__Recorded data__:
◇ ◇ ◇ ◇

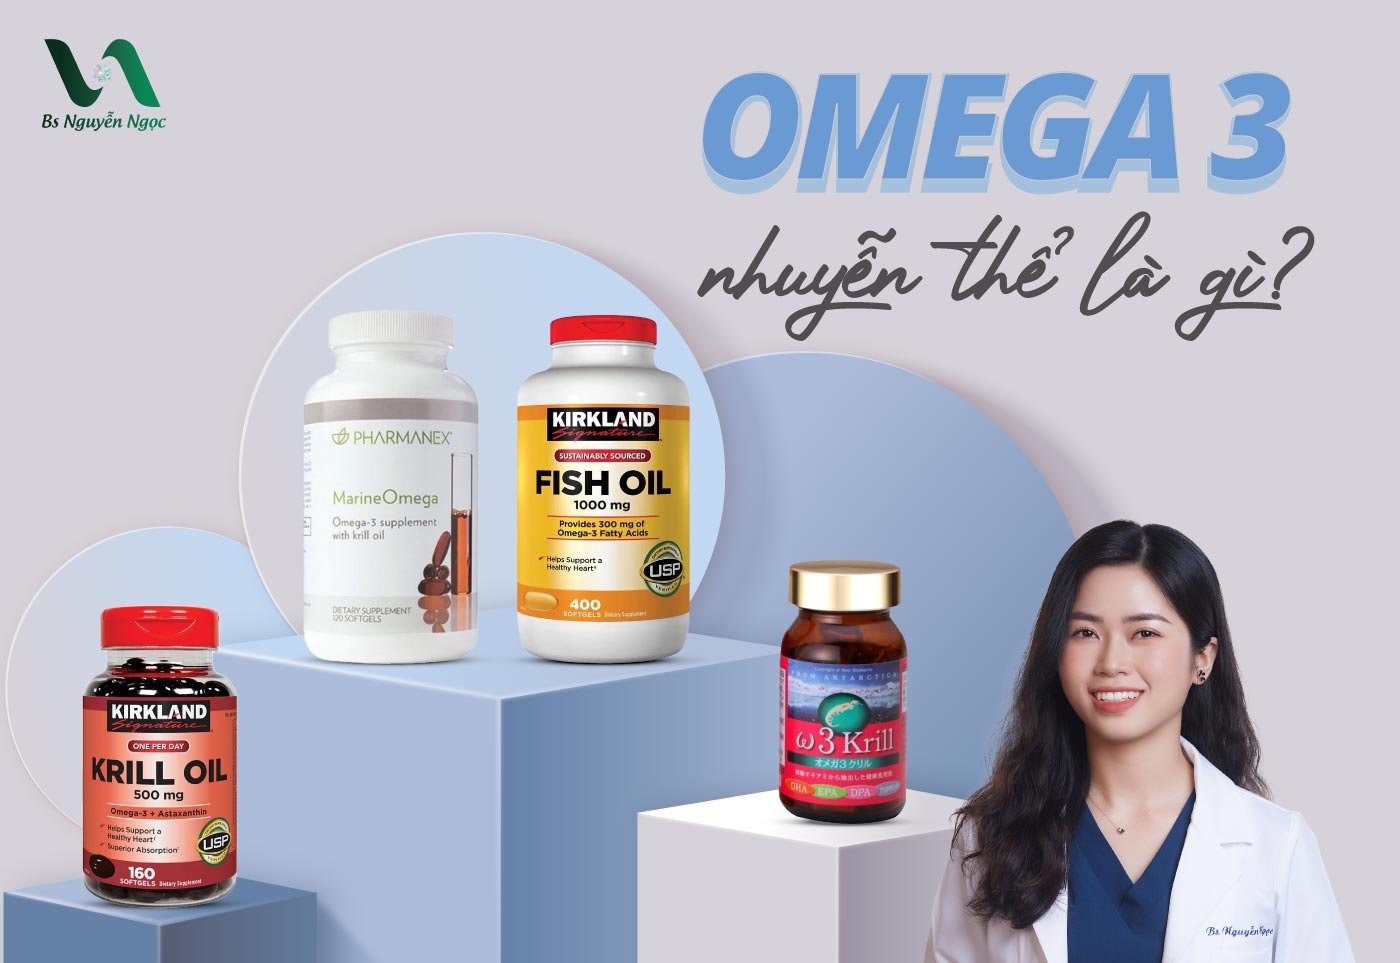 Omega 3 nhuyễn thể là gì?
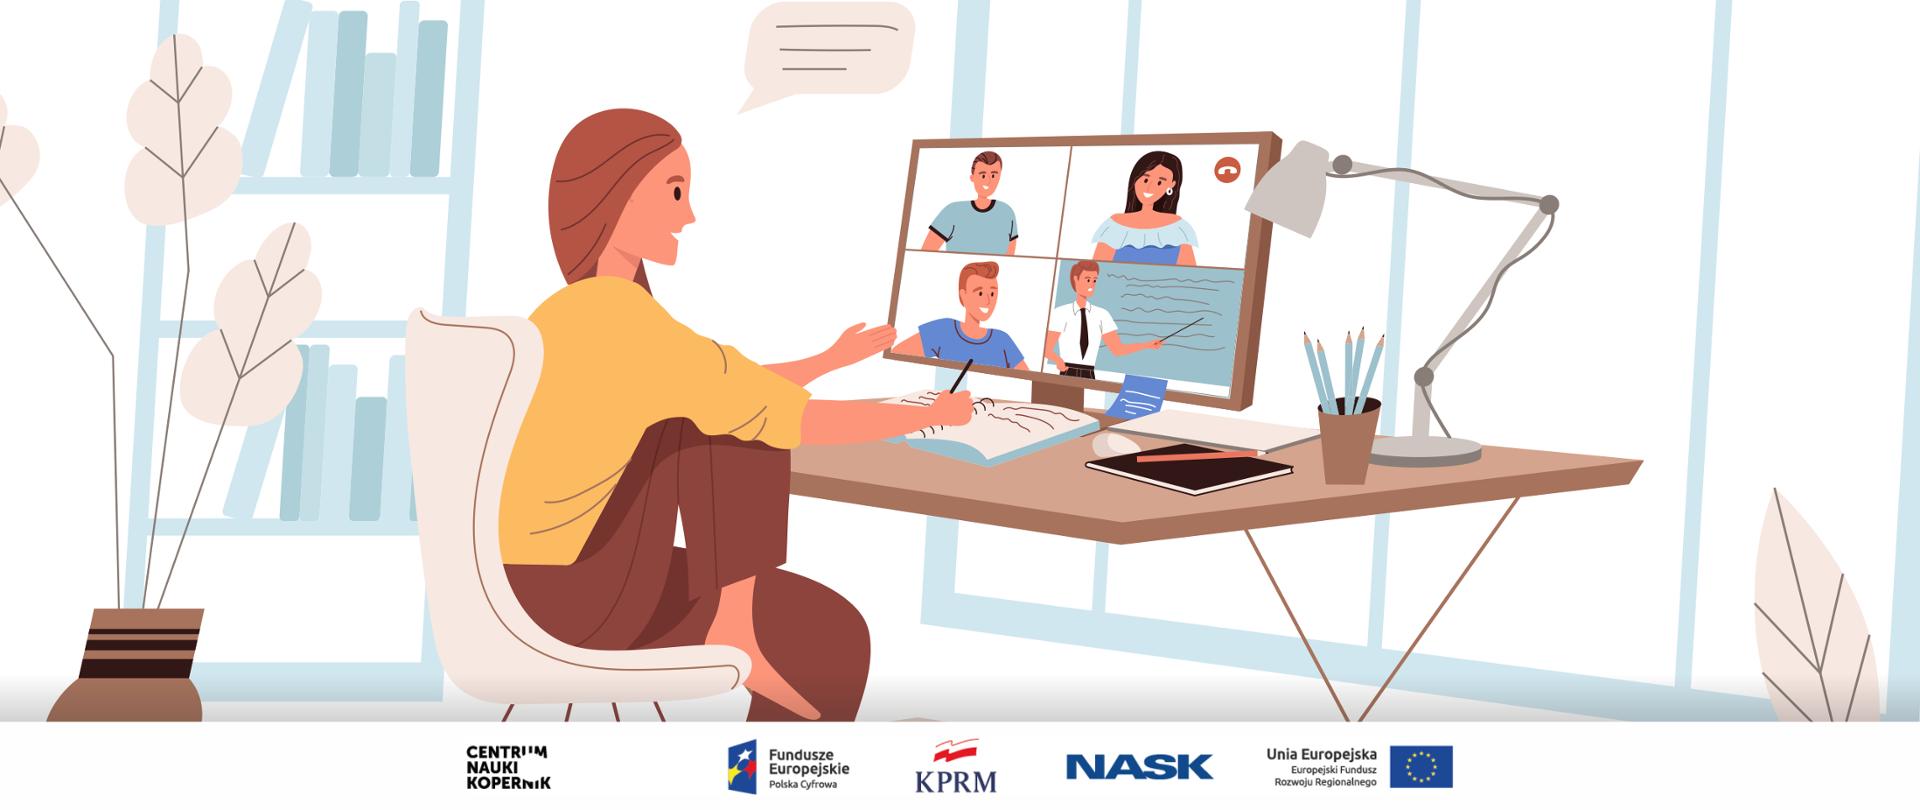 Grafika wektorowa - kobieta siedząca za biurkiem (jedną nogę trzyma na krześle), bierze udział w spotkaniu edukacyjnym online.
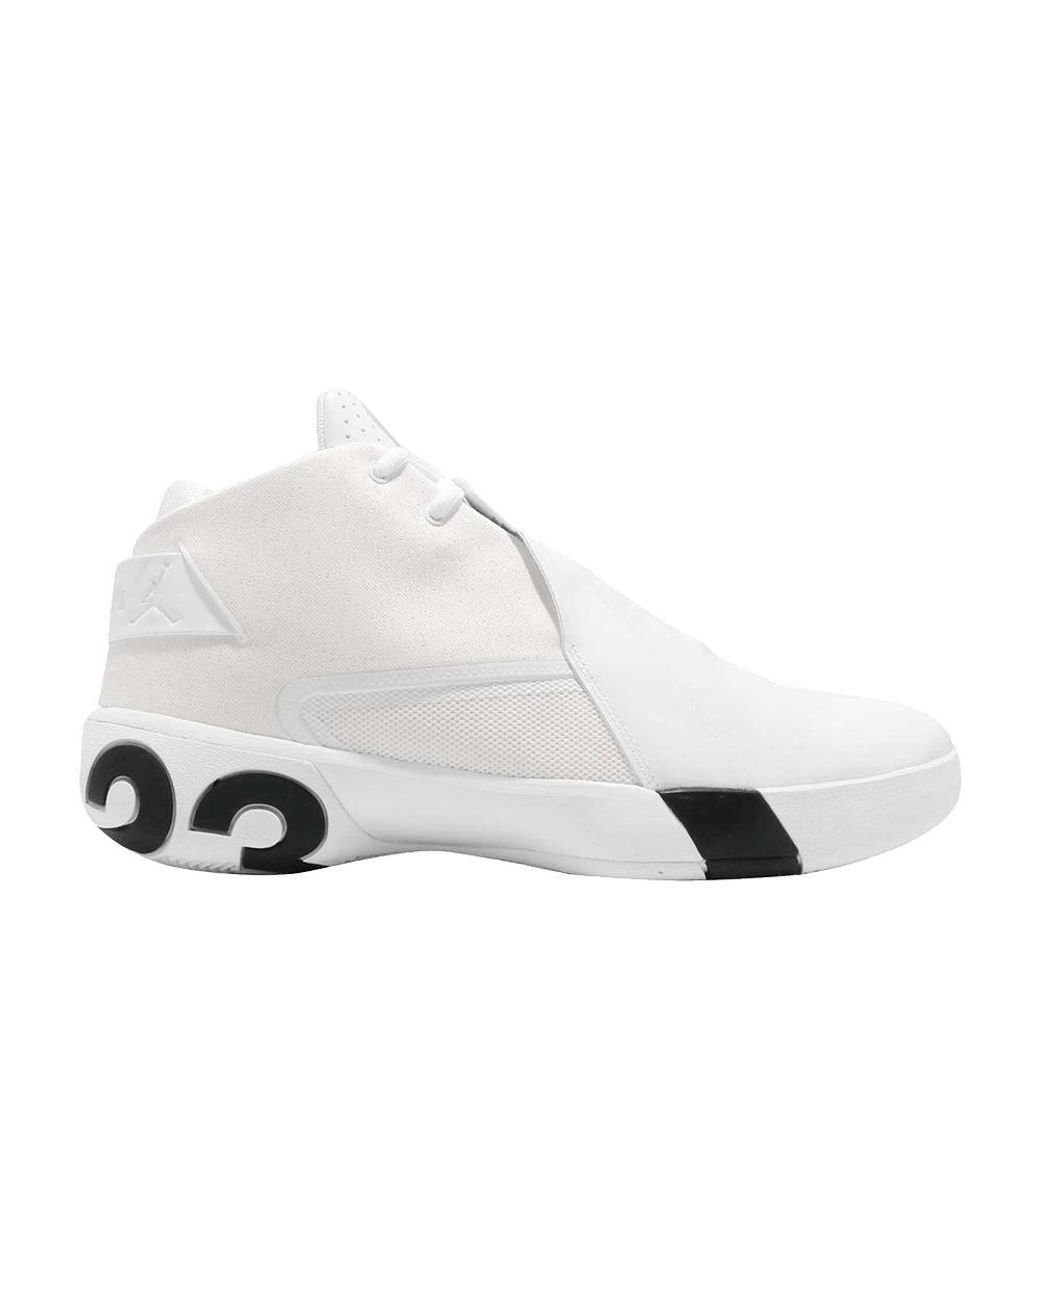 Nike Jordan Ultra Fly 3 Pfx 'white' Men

◇ ◇ ◇ ◇

__About this task__: Transcribe the material above word for word; images do not belong in the copy.

__Exercise response__:
 Omega 3 nhuyễn thể là gì?
 Grafika wektorowa - kobieta siedząca za biurkiem (jedną nogę trzyma na krześle), bierze udział w spotkaniu edukacyjnym online.
 Nike Jordan Ultra Fly 3 Pfx 'white' Men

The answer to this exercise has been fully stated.